### Raw data

Start of Block

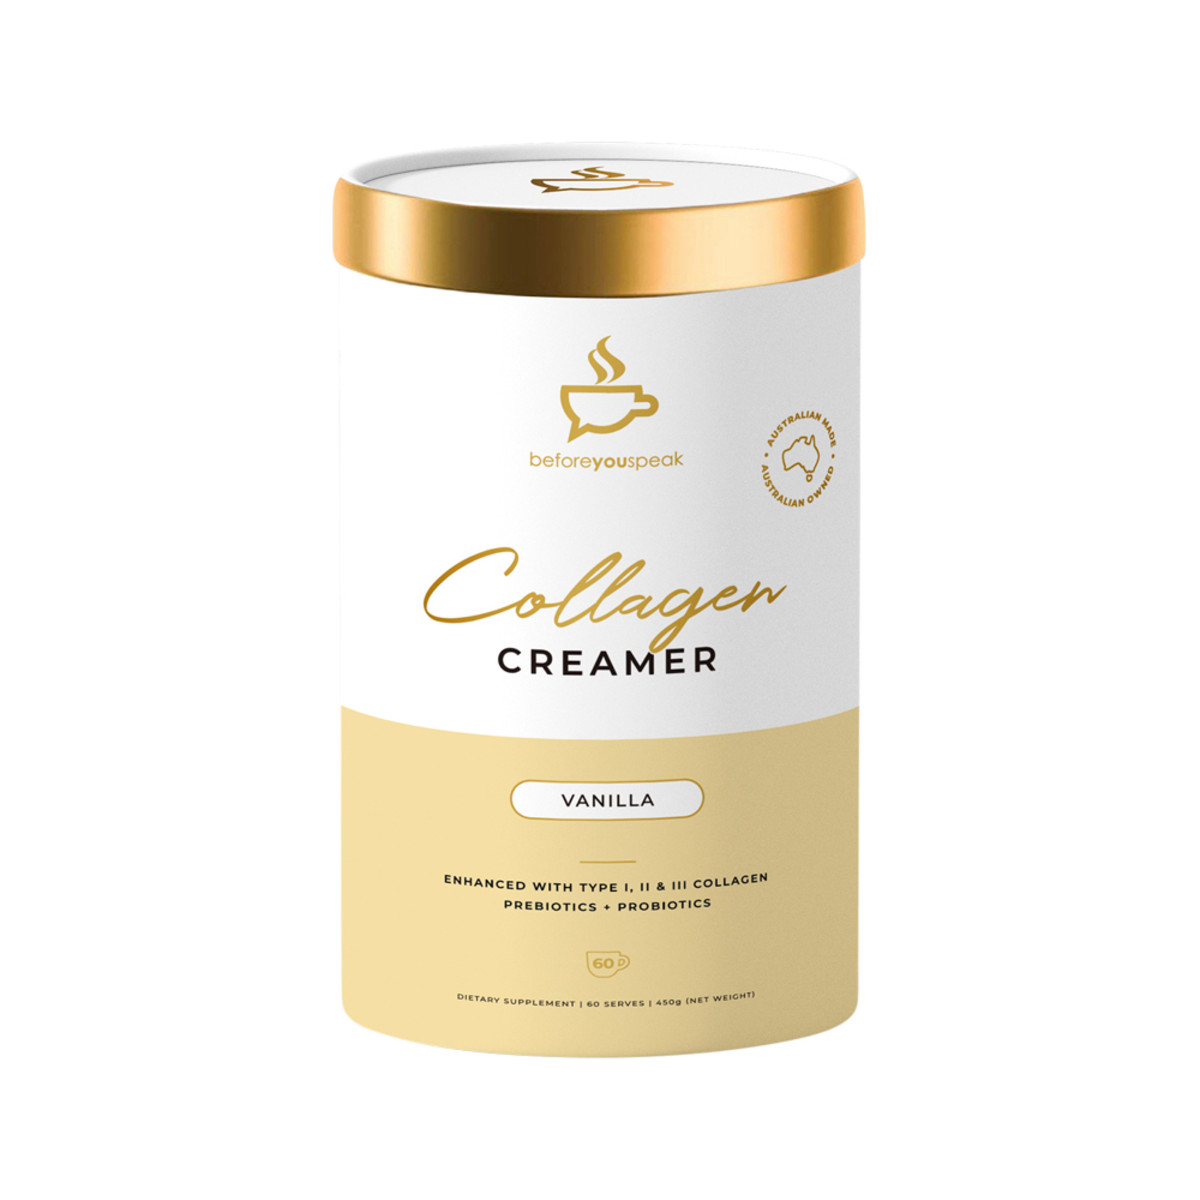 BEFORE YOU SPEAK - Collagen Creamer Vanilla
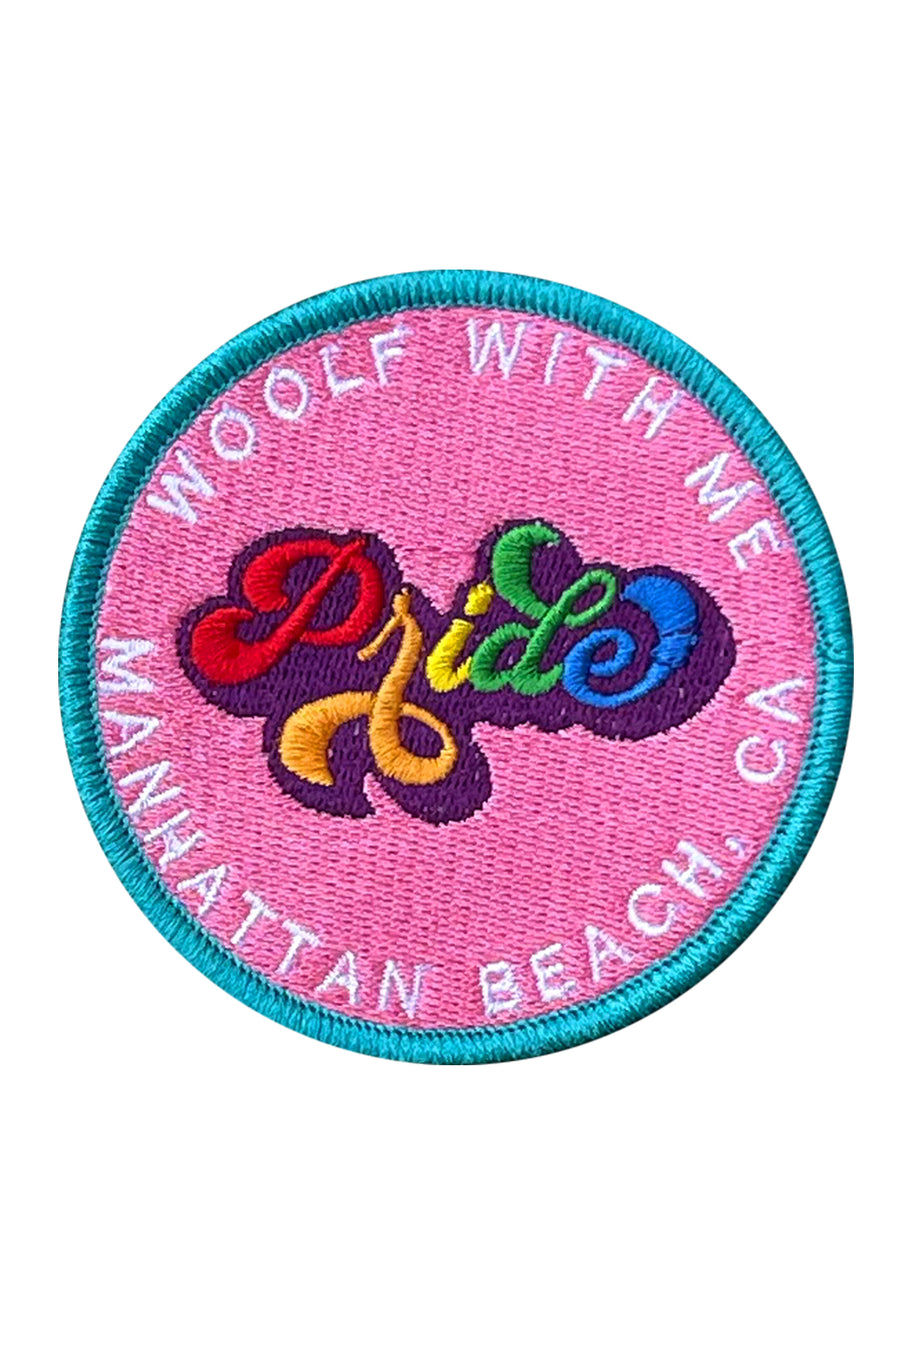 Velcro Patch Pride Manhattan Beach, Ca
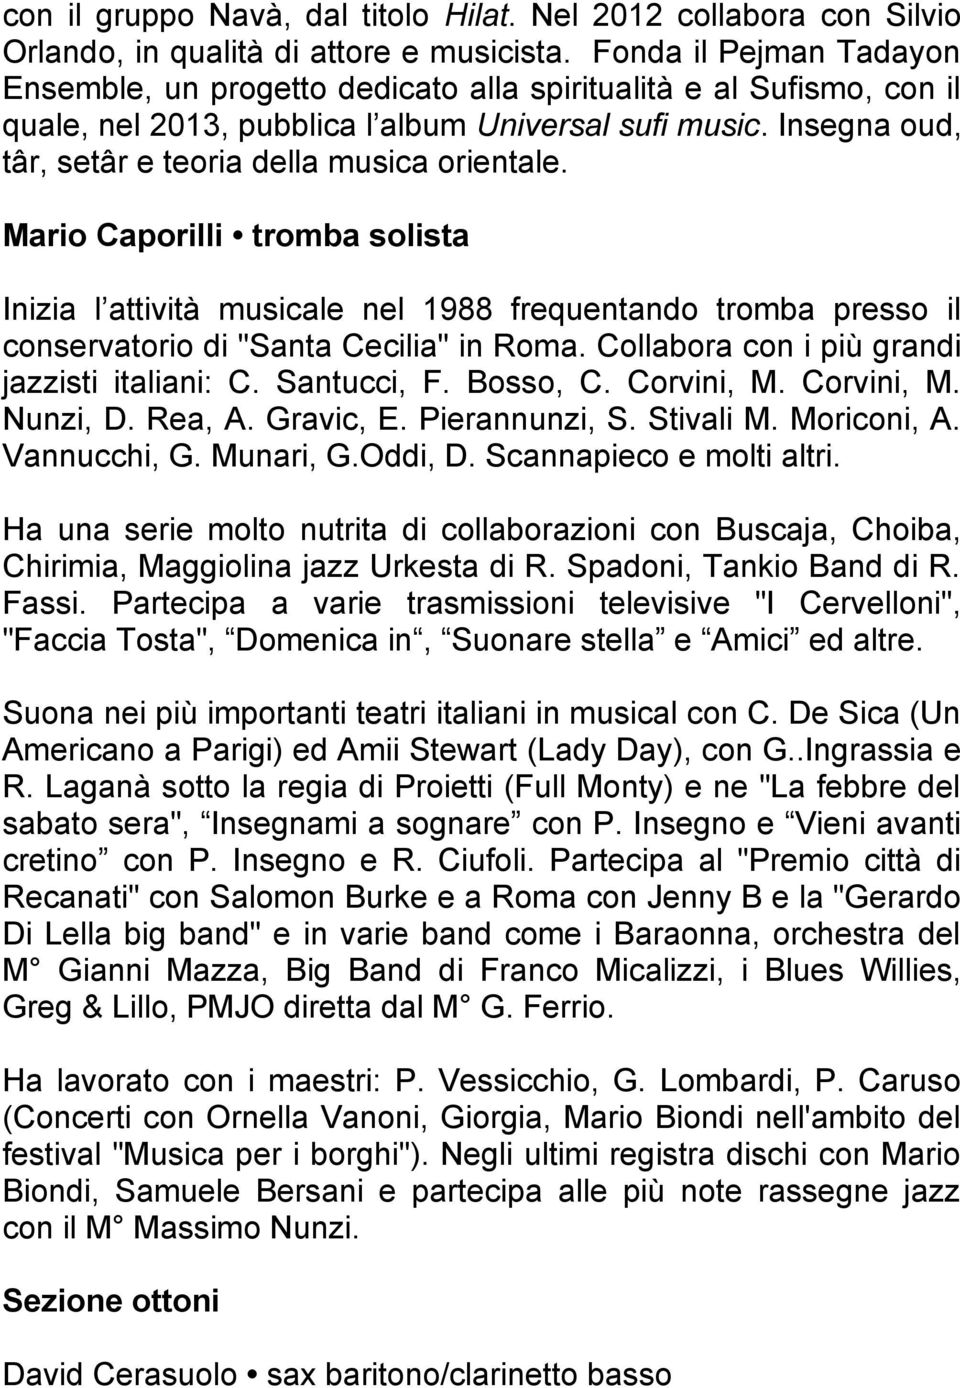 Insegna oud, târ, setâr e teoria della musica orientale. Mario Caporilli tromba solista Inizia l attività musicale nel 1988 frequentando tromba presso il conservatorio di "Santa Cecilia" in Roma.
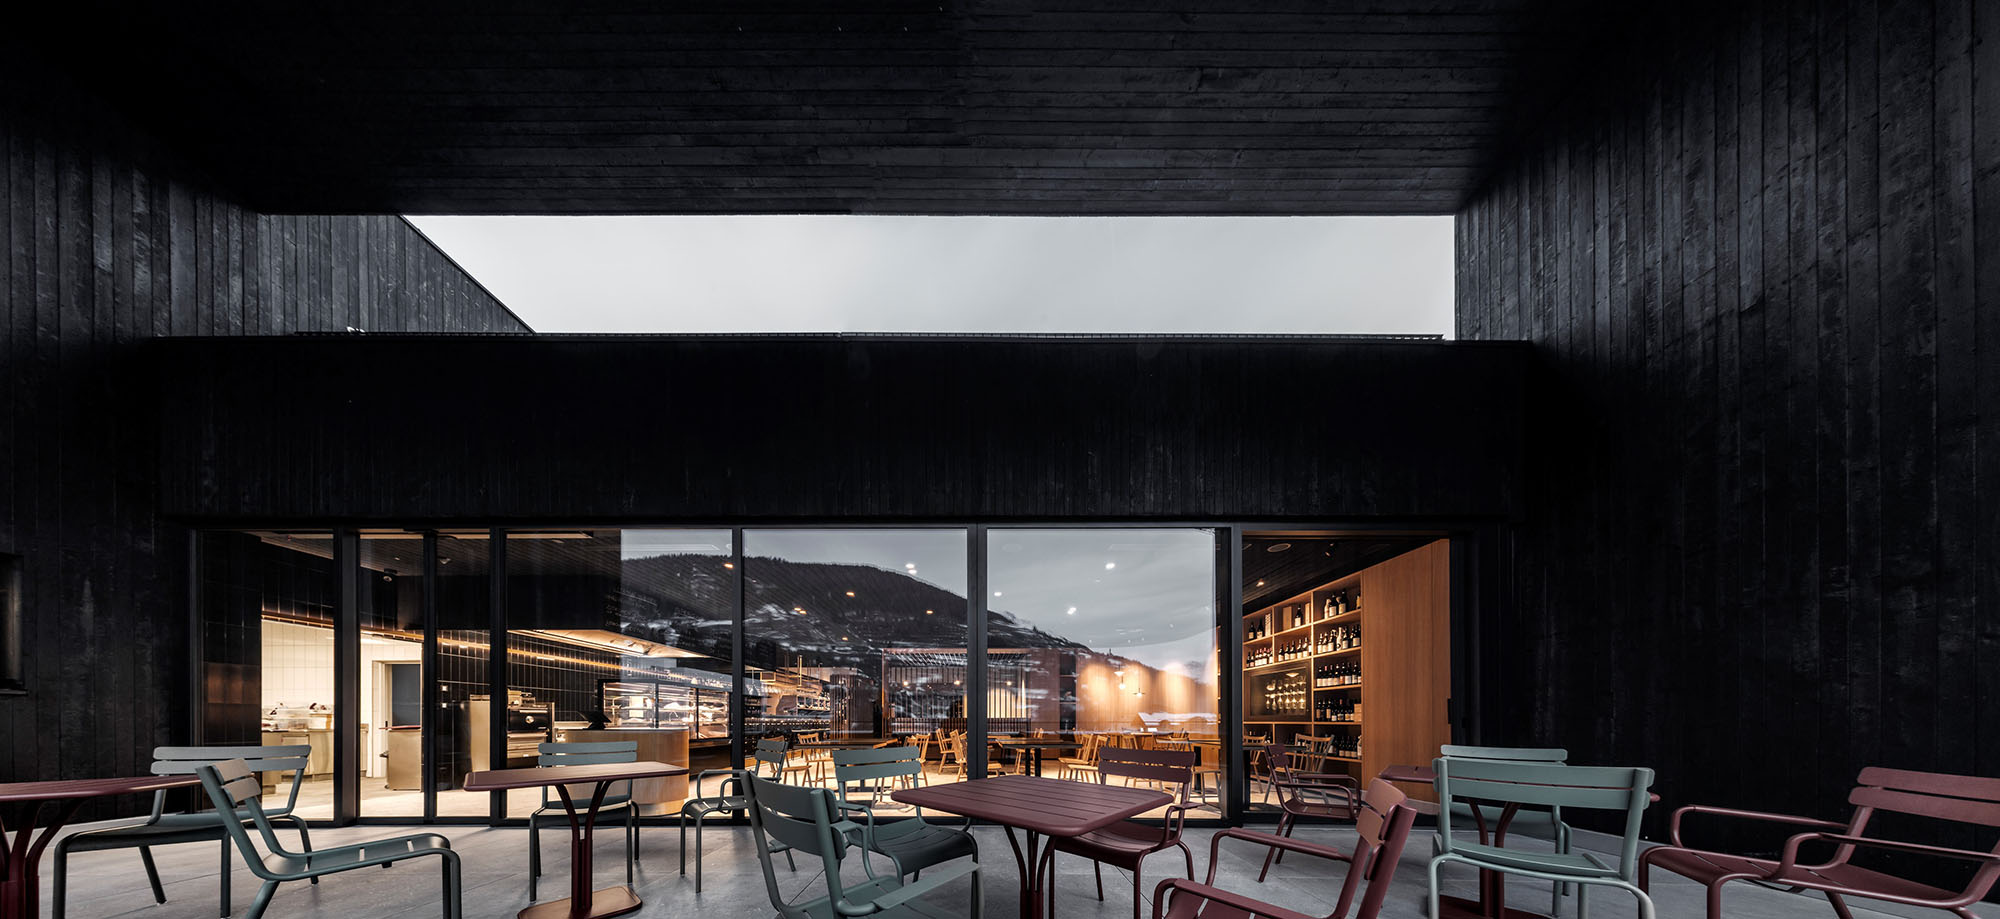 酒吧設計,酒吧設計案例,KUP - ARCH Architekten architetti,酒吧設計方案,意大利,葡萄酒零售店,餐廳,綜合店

End of Block

### What you should do
Whenever images occur above, omit them and retype each line exactly as it stands.

### Answer to this problem
 BEFORE YOU SPEAK - Collagen Creamer Vanilla
 Velcro Patch Pride Manhattan Beach, Ca
 Insegna oud, târ, setâr e teoria della musica orientale. Mario Caporilli tromba solista Inizia l attività musicale nel 1988 frequentando tromba presso il conservatorio di "Santa Cecilia" in Roma.
 酒吧設計,酒吧設計案例,KUP - ARCH Architekten architetti,酒吧設計方案,意大利,葡萄酒零售店,餐廳,綜合店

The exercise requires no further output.